A lot can be done with black-box pattern detection, where patterns are found but not understood. For many applications (e.g. high frequency trading) it's fine as long as your algorithm works. But in other contexts (e.g. root cause analysis for cancer eradication), deeper investigation is needed for higher success. And in all contexts, identifying and weighting true factors that explain the cause, usually allows for better forecasts, especially if good model selection, model fitting and cross-validation is performed. But if advanced modeling requires paying a high salary to a statistician for 12 months, maybe the ROI becomes negative and black-box brute force performs better, ROI-wise. In both cases, whether caring about cause or not, it is still science. Indeed it is actually data science - and it includes an analysis to figure out when/whether deeper statistical science is really required. And ill all cases, it always involves cross-validation and design of experiment. Only the statistical theoretical modeling aspect can be ignored. Other aspects, such as scalability and speed, must be considered, and this is science too: data and computer science.

Related article

Views: 3601

Comment

You need to be a member of AnalyticBridge to add comments!

Join AnalyticBridge

Comment by Stephen L R Ellison on May 28, 2013 at 10:46am

Dang, but there's more wrong with it than that.

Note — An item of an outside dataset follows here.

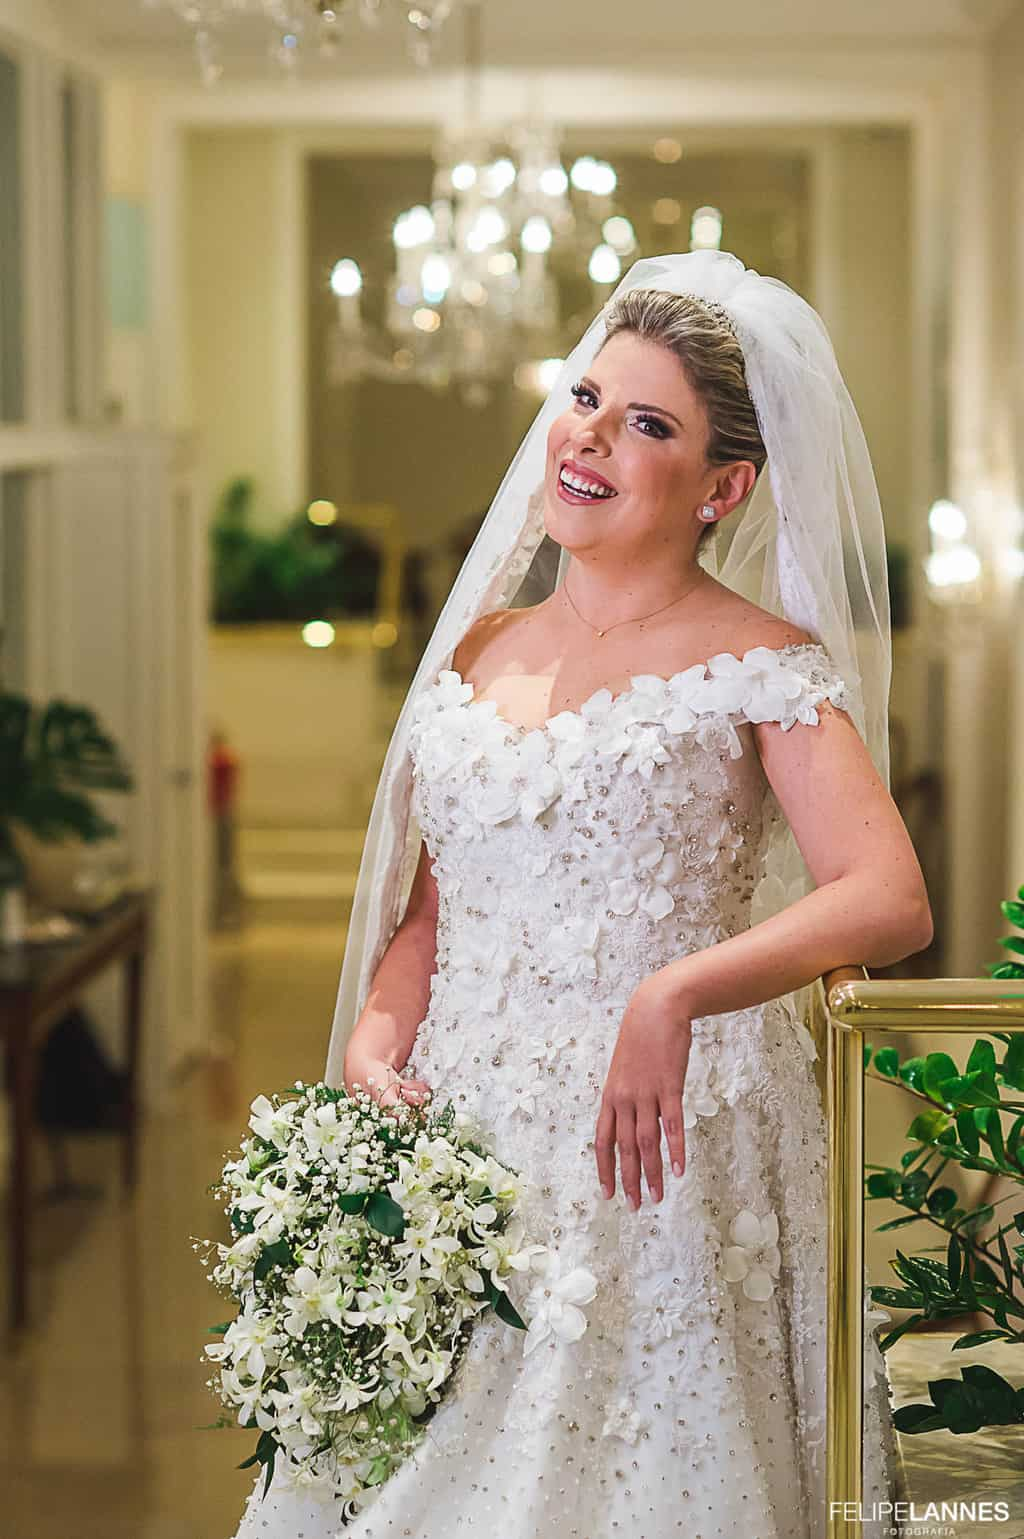 Casamento-Beatrice-e-Luiz-Augusto-casamento-classico-fotografia-Felipe-Lannes-making-of-noiva1

For a start, the 'data deluge' is terribly domain specific. We aren't going to get huge clinical trial datasets because a) it's too expensive and b) it'd be unethical to use more subjects than absolutely necessary. Those considerations rule out 'bg data' approaches for a huge fraction of research.

Second, if you want a prediction, you'll need a theory about how the future depends on the past. No theory implies no prediction. It may be a simpler theory if it has huge backing in observed fluctuation, but it's still a theory.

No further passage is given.